Overall, while the limitations we've discussed in this final section are significant, they aren't insurmountable. Progress in areas like mechanistic interpretability, formal verification methods, and evaluation protocols shows promise for addressing many current limitations. However, overcoming these challenges requires sustained effort and investment.

*Figure 5.63: A visual breakdown of limitations, and a few reasons to doubt the impact of AI risk evaluations ([Mukobi, 2024](https://arxiv.org/abs/2408.02565)).*

## Conclusion

Robust evaluation methods provide the essential tools to measure current capabilities, and help navigate the balance between harnessing AI's benefits and mitigating its most serious risks.

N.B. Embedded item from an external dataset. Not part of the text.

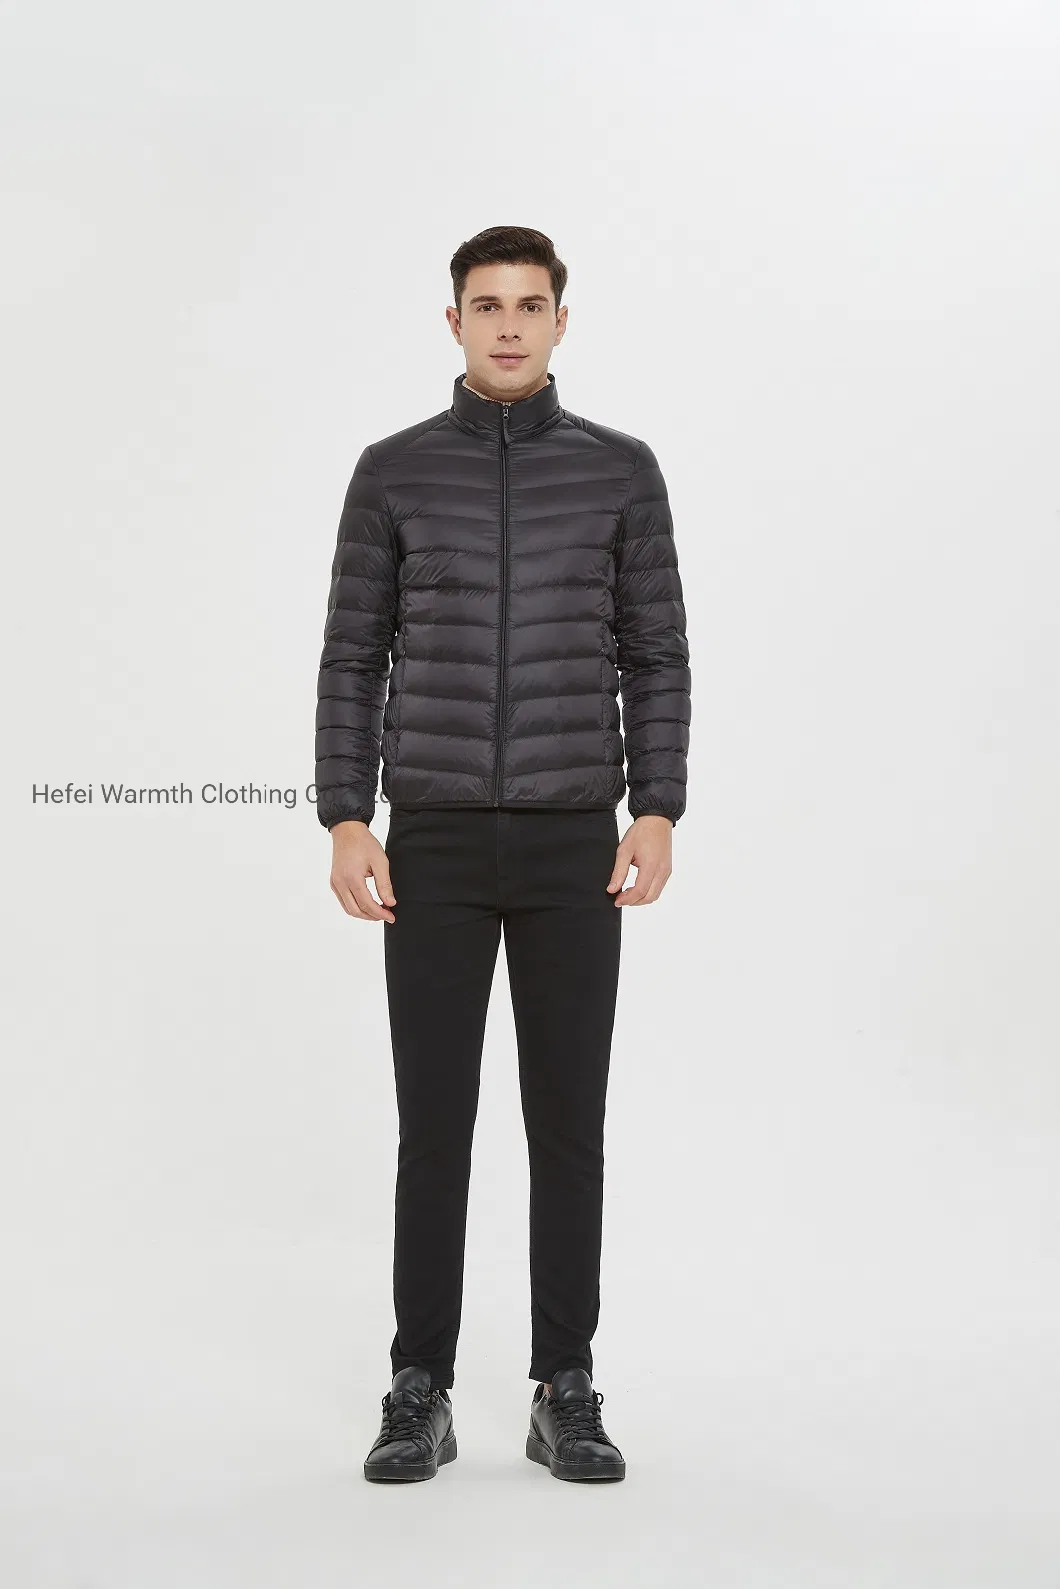 Wholesale OEM/ODM Men Women Packable Outdoor Reaction Water-Resistant Lightweight Winter Down Jacket

The future of AI safety depends significantly on our ability to accurately measure and verify the properties of increasingly powerful systems. As models approach potentially transformative capabilities in domains like cybersecurity, autonomous operation, and strategic planning, the stakes of evaluation failures grow exponentially. By continuing to refine our evaluation approaches—combining behavioral and internal techniques, addressing scale challenges through automated methods, and establishing institutional arrangements for genuinely independent assessment—we can help ensure that AI development proceeds in a direction that remains beneficial, controllable, and aligned with human values. The development of robust evaluation methods represents one of our most important tools for navigating the balance between harnessing AI's benefits while mitigating its most serious risks.

We hope that reading this text inspires you to think and act about how to build and improve them!